Abstract

This paper presents the development and evaluation of a monitoring and data capture system designed to track critical parameters of a lithium-ion battery pack used in an agricultural robot. Agricultural robots rely heavily on battery performance to operate efficiently and reliably in the field. As a result, ensuring that the battery is well-managed and monitored can significantly improve the robot’s operating time, reduce downtime, and extend overall battery life. Given the growing emphasis on energy efficiency in modern agricultural practices, optimizing battery usage and storage plays a crucial role in reducing energy waste and improving sustainability. Our approach integrates both hardware and software elements to collect, store, and present key battery parameters. We utilize a Battery Management System (BMS) that communicates vital data such as voltage, current, temperature, and State of Charge (SoC) through a Controller Area Network (CAN) bus. A dedicated microcontroller reads and processes these signals, and then transfers them into a central database for long-term logging and analysis. This enables precise tracking of battery health and performance, ultimately supporting more energy-efficient robotic operations. To make this information accessible to users, we developed a clear and intuitive interface. Operators can view the data on a built-in display located directly on the robot, as well as remotely through a web-based interface and an API. This dual-access approach supports on-site monitoring during field operations, as well as remote diagnostics and decision-making.
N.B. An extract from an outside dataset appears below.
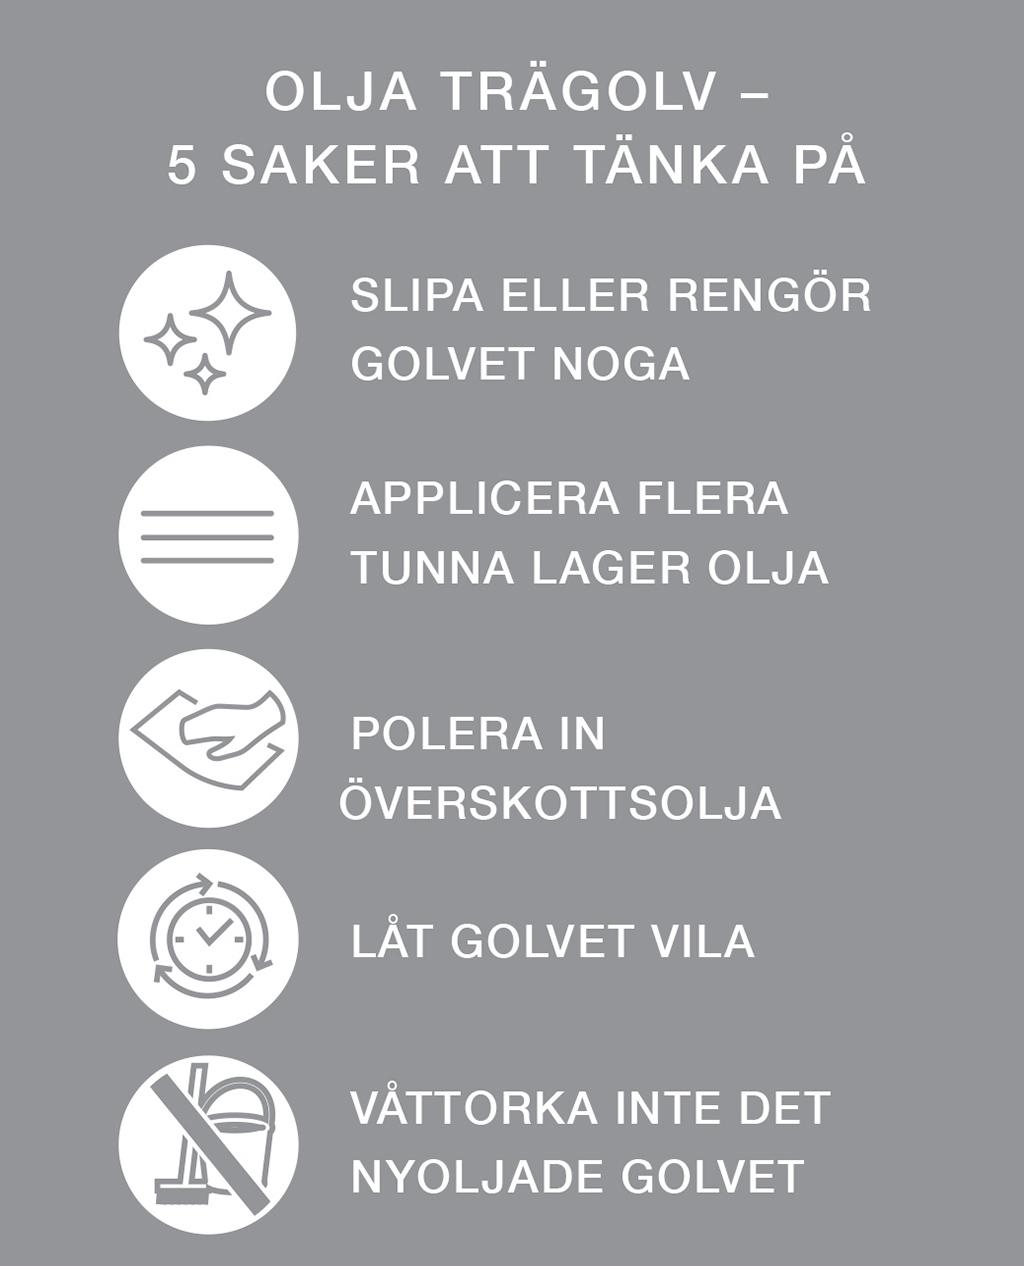 pergo-infographic-olja-tragolv

Such flexibility aids in timely maintenance, better charging strategies, and overall improved resource management – key factors in maximizing energy efficiency and minimizing unnecessary power consumption. Preliminary tests performed under realistic field conditions indicate that our system reliably captures and records the critical battery parameters. The data collected facilitates early detection of potential issues, preventing unexpected breakdowns and saving valuable time and costs. In future work, we plan to implement advanced analytics and machine learning algorithms to predict battery failures and optimize charging schedules. By providing a robust and accessible tool for battery management, this system contributes to more efficient, sustainable, and productive agricultural robotic operations while reinforcing the importance of energy storage and utilization in modern farming.